As the Cambridge Rent Control Board prepares to decide later this month whether to approve the University's planned conversion of Craigie Arms to mostly luxury housing. Harvard has come under some of the strongest criticism it has seen in a decade. And the occasion affords the rent control board its best chance yet to convert that criticism to actual investigation.

For the past four years, tenants in Harvard-owned buildings have complained bitterly about "heavy-handed" and "union-busting" tactics on the part of the University. And earlier this month a Cambridge hearing examiner, charged with reviewing testimony and making recommendations to the rent control board in the Craigie Arms case, echoed the sentiments of those tenants.

He characterized Harvard as a self-interested, greedy, and shameful business enterprise, far less concerned than most other landlords with tenants' living conditions.

Harvard as the largest residential landlord in Cambridge, affects not only tenants in individual buildings but "the city as a whole" by its actions, hearing examiner James Packer stated

Tenants who have witnessed Harvard Real Estate send a spy to their organizing meeting, assemble an enemies list, respond incorrectly on state tax forms, award huge pay increases to top administrators while increasing rents, and ignore a tenants union request for recognition were gratified but not surprised by Packer's report.

They probably would be no more surprised to learn that an attorney for HRE has called much of Packer's report "beside the point." For Harvard Real Estate, tenants complaints have for too long been beside the point.

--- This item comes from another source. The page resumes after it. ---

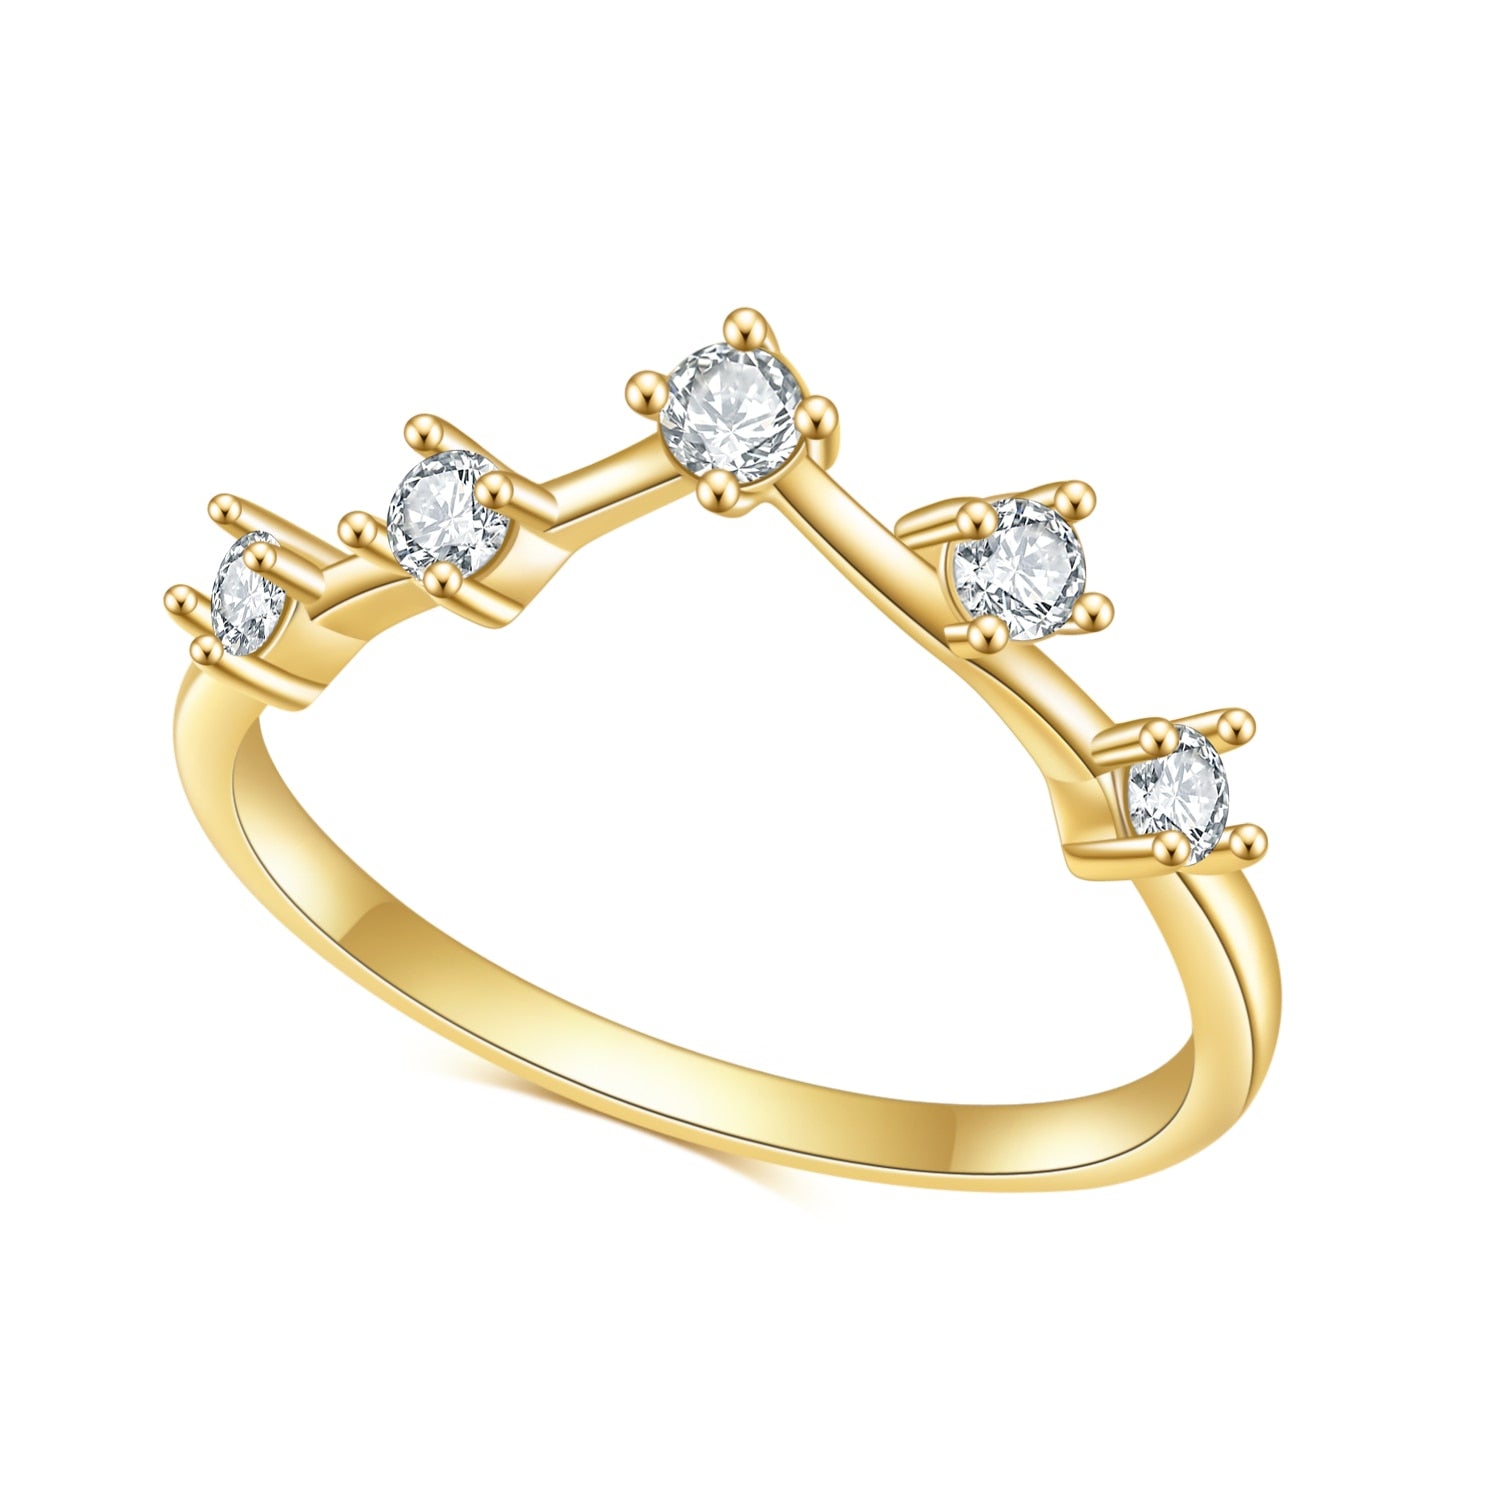 A gold chevron style wedding ring set with 5 small round spaced apart moissanites.

Later this month, the rent control board will have the opportunity to require that, while converting Craigie Arms, Harvard make concessions toward low-and-moderate-income tenants.

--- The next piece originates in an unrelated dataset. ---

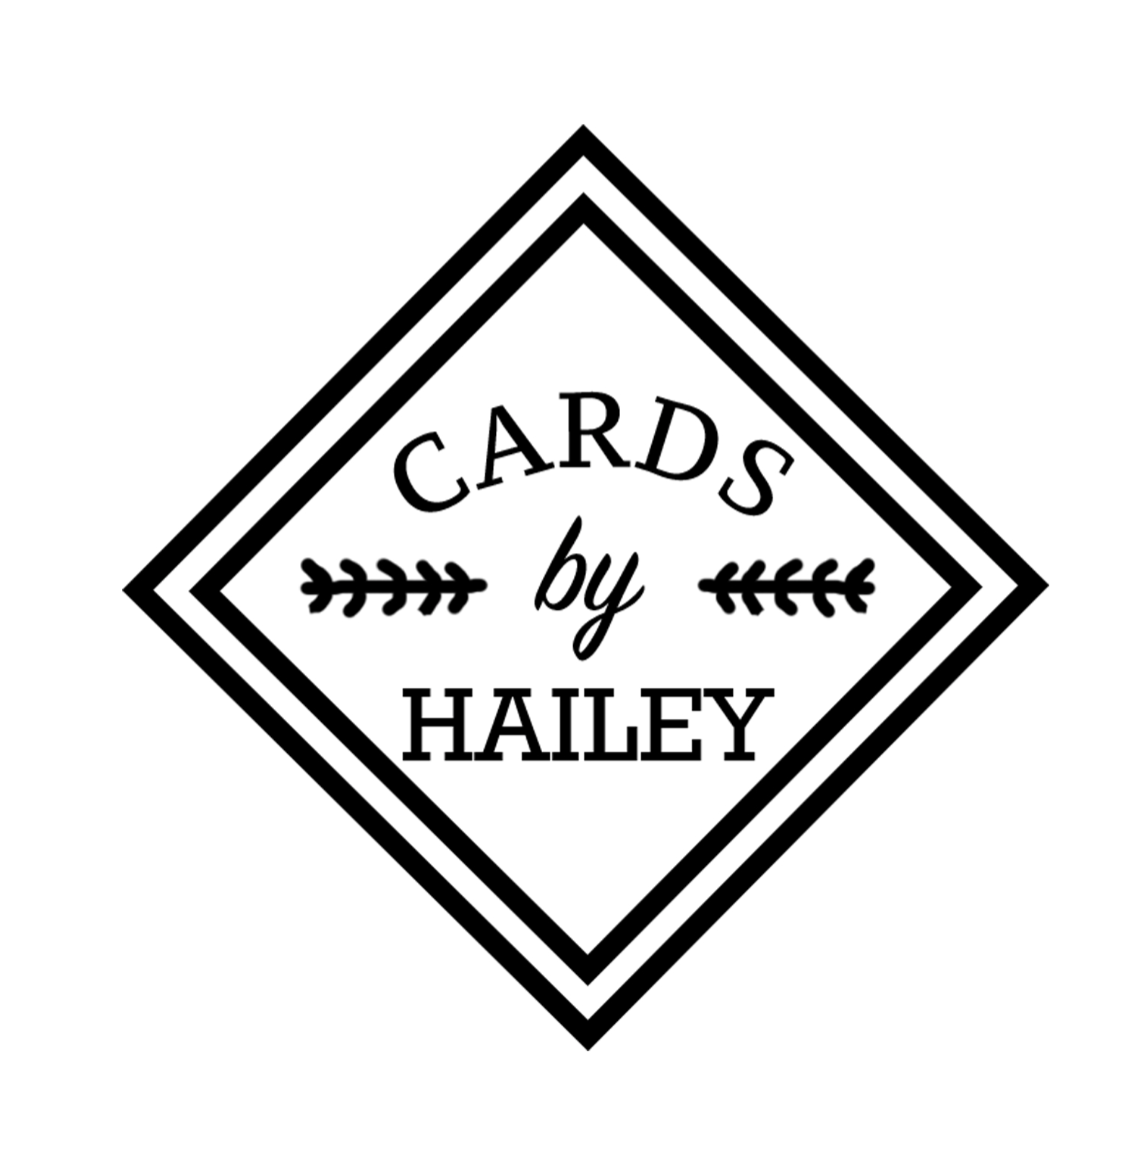 CARDS BY HAILEY

The board should seize that opportunity and insist that chief among these concessions be an intensive review of Harvard Real Estate--its management, personnel and its conduct--carried out by members of an independent branch of the University, preferably special assistants to President Bok.

The review would allow tenants, city officials, and most importantly, high-level Harvard administrators themselves to devise reforms in the office of HRE, which currently operates as a quasi-independent branch of the University.

It might also serve to restore confidence in the University's moral character and its desire to avoid exploitation of Cambridge residents.